2. Prologue — UpdateMinMaxDims and InitColorDimensions
Purpose
The prologue — run by the TwistedTorusND constructor (0x137d0040) at 0x137d00df/0x137d0115, before BuildStrategy is ever entered — reduces the slice to the four numbers the rest of the function keys on and fills the color-dimension permutation table. BuildStrategy consumes these fields read-only. UpdateMinMaxDims (0x137d0260) is documented as the shape gate on Twist Predicate & Orientation and summarized in the section overview; only the fields BuildStrategy consumes are repeated here.

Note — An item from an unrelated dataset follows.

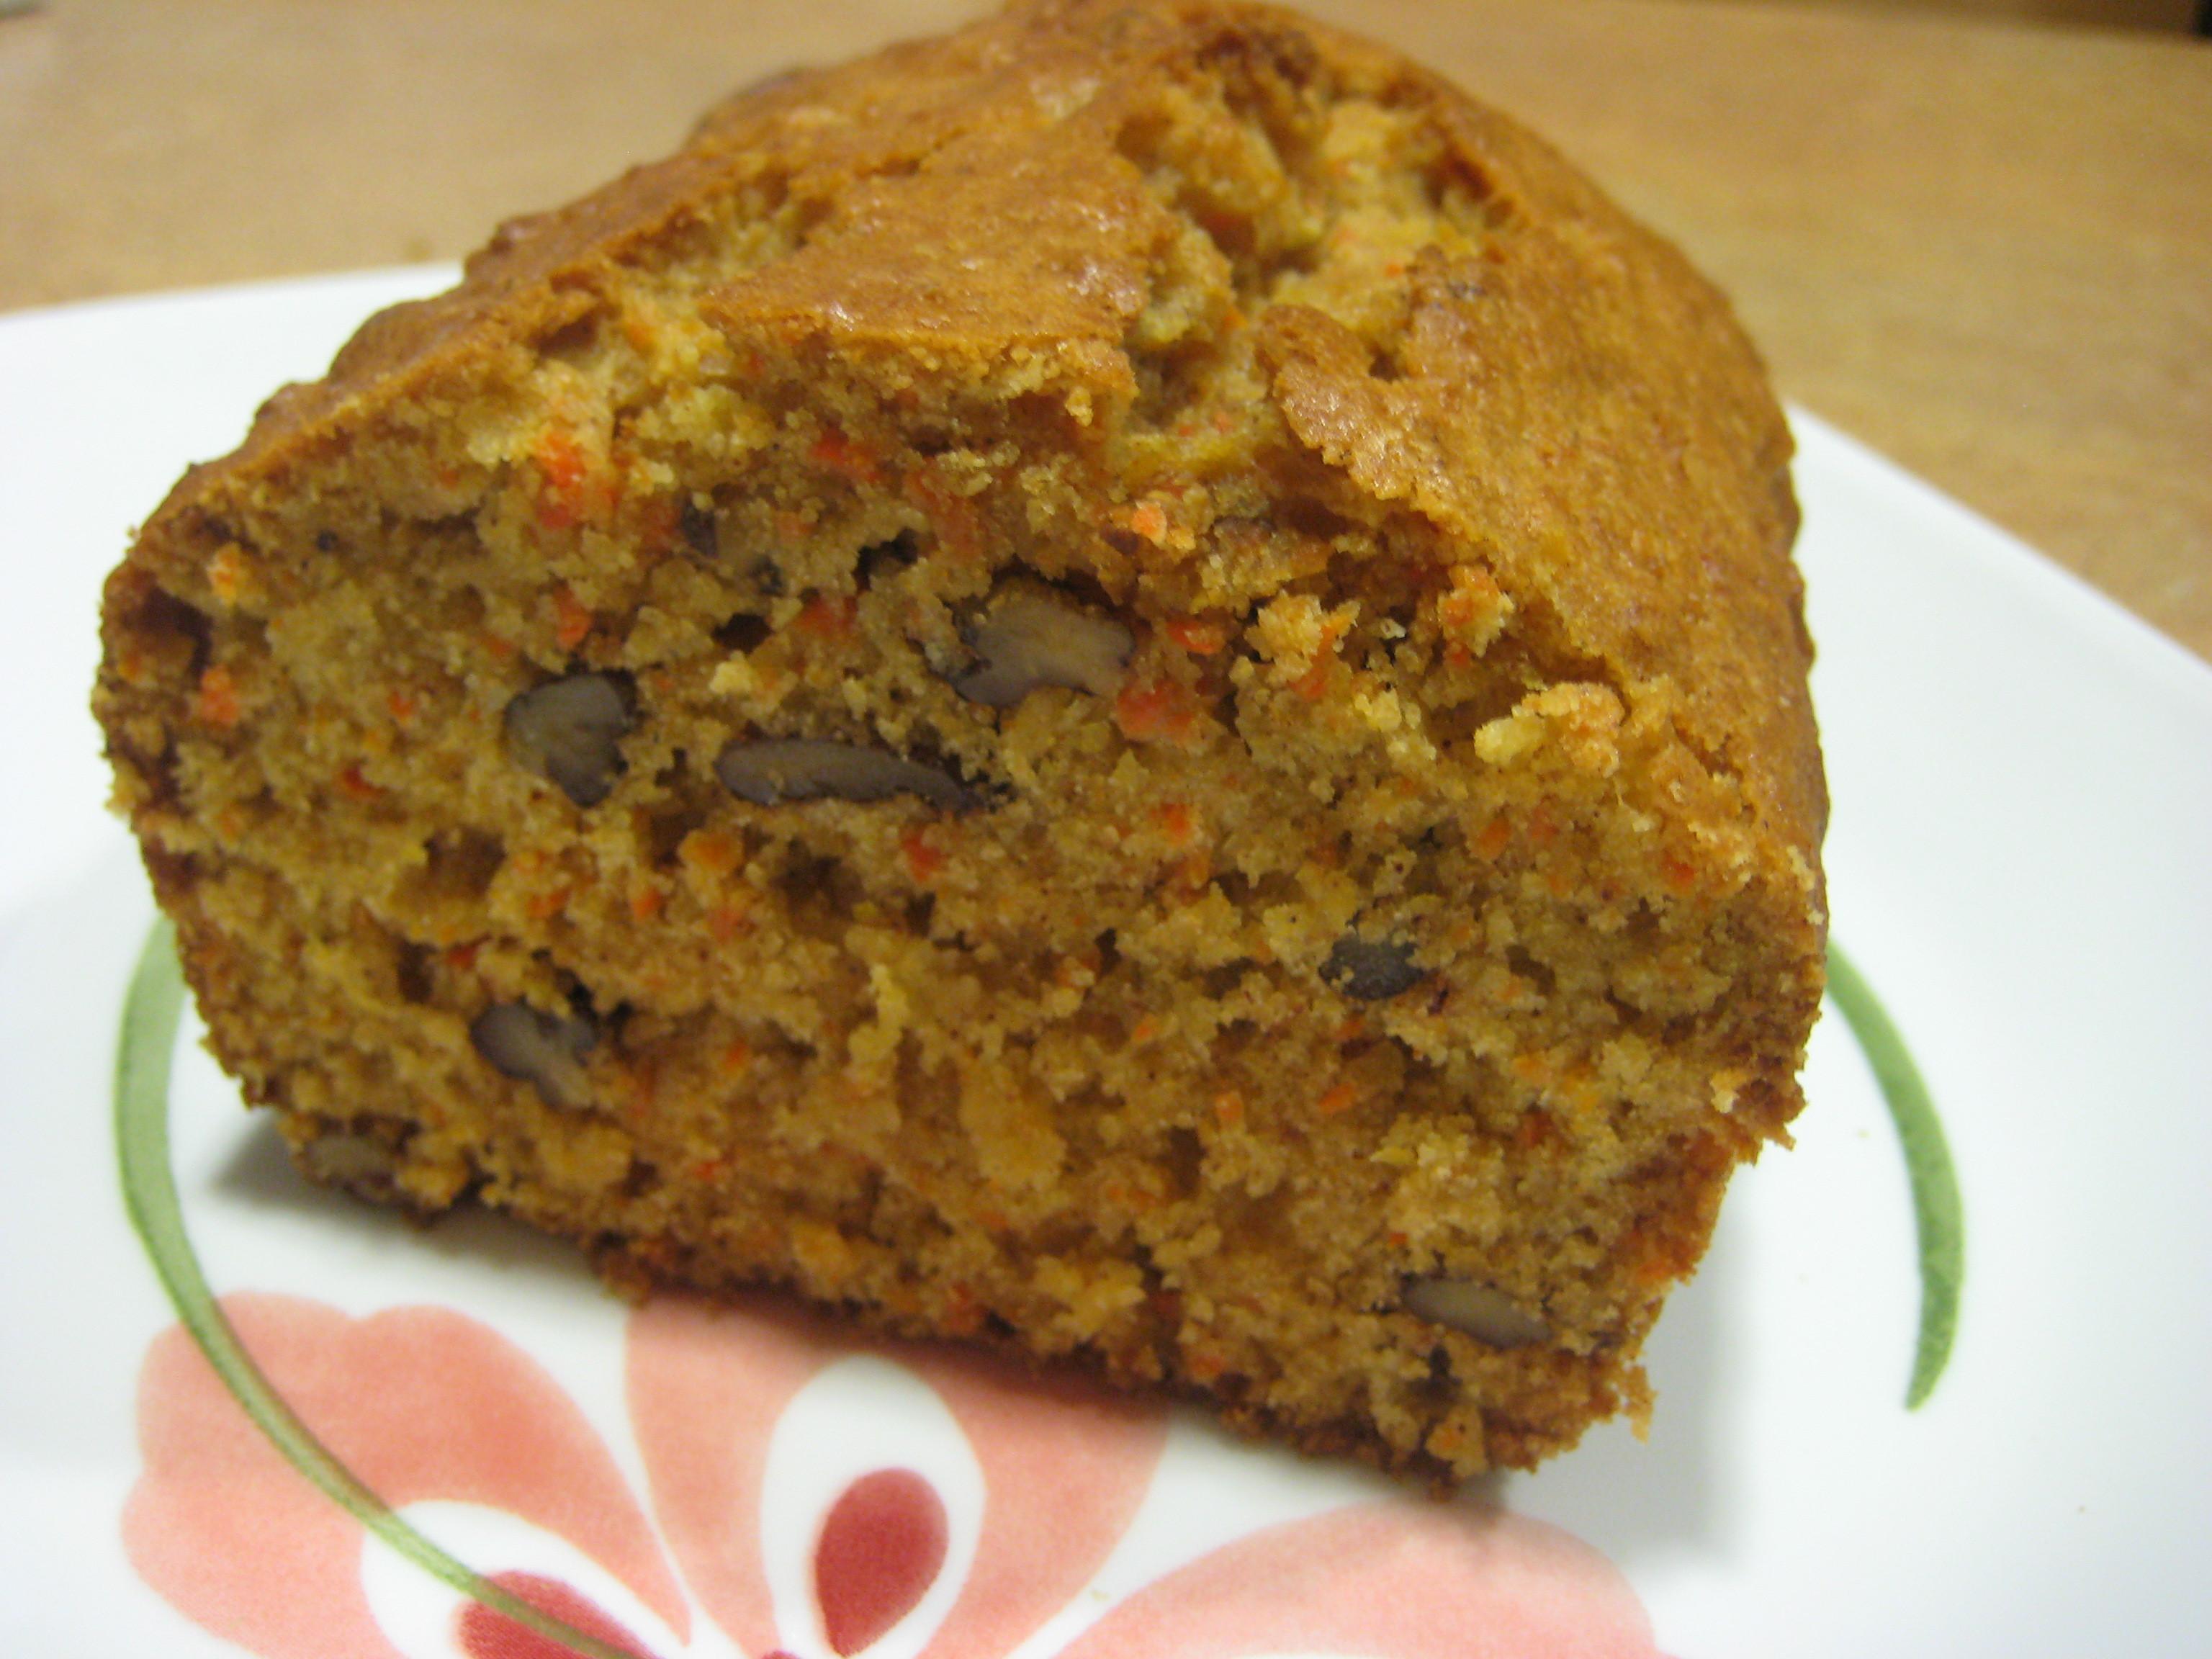 Carrot Bread Healthy  Carrot Pineapple Bread
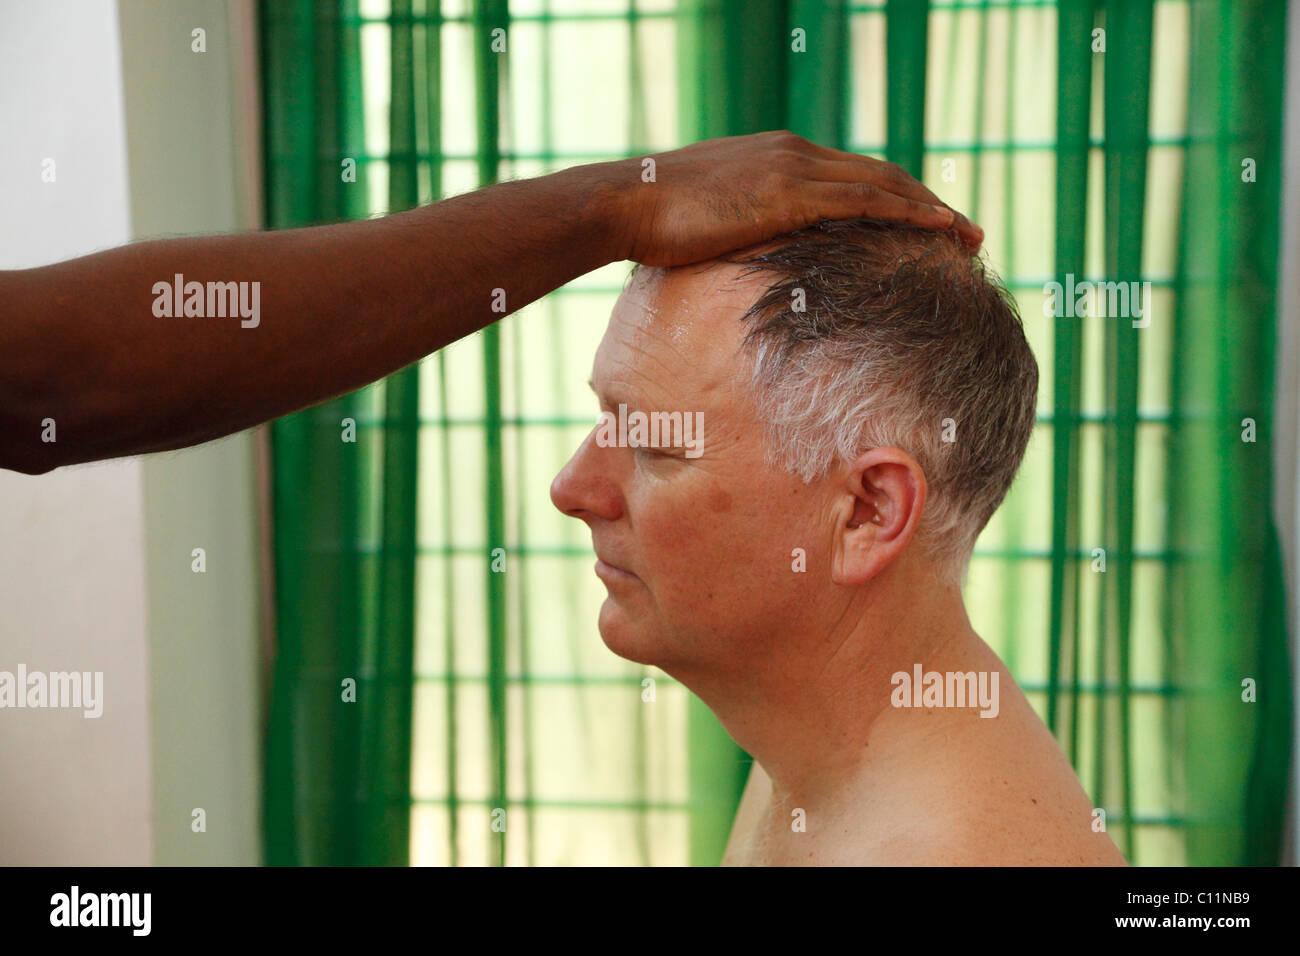 La pose d'une main sur la tête d'un homme, la préparation pour le traitement d'Ayurvedic, Photo Stock

Fields it leaves for BuildStrategy
| Field | Offset | qword idx | Meaning |
|---|---|---|---|
min_dim_size_ (K) | [obj+0x5f8] | 191 | short axis size |
max_dim_size_ (2K) | [obj+0x5f0] | 190 | long axis size; CHECK max == 2·min |
num_max_dims_ | [obj+0x600] | 192 | count of axes equal to 2K (the 2K-count) |
num_min_dims_ | [obj+0x608] | 193 | count of axes equal to K (the K-count) |
NumNetworkDimensions | [obj+0x598] | 179 | 3 on a healthy slice, 2 when degraded |
dim_sizes_[i] | [obj+0xb8..0xc8] | 23/24/25 | per-axis extents (load order Y,X,Z) |
The classifier fields are produced by a vectorised vpcmpeqq count (decompiled in UpdateMinMaxDims) and define the shape: num_max_dims_ == 1 is K_K_2K (one long axis), num_max_dims_ == 2 with num_min_dims_ == 1 is K_2K_2K (two long axes). BuildStrategy keys its top-level Stage-2 branch on exactly these two fields.
InitColorDimensions — the color_dims[6][3] fill
InitColorDimensions (0x137d0800) fills the [6][3] table that names, for each color row and each ring-dimension column, the physical torus axis that column's ring traverses.
function InitColorDimensions(this, target): // 0x137d0800
if UseResilientAlgorithmTwistedTorus(target, …): // 0x1c894fc0 — env[0x1116] + GetDegradedAxis != -1
this.NumColors = NumNetworkDimensions - 1 // [obj+0x8] = [obj+0x598] - 1
return InitColorDimensionsDegraded(target, …) // 0x137c6580 — tail: demote dead axis to inner column
this.NumColors = NumNetworkDimensions // [obj+0x8] = [obj+0x598]
VLOG(1) << "color count: " << NumColors // all_reduce_strategies.cc:1916
// non-resilient fill: each color row is a rotation of {0,1,2}
for color c in 0 .. up_to_6:
for column d in 0 .. NumNetworkDimensions-1: // n = [obj+0x598] = 3
color_dims[c][d] = (c·stride + d) mod n // [obj+0xd0 + c*0x18 + d*8]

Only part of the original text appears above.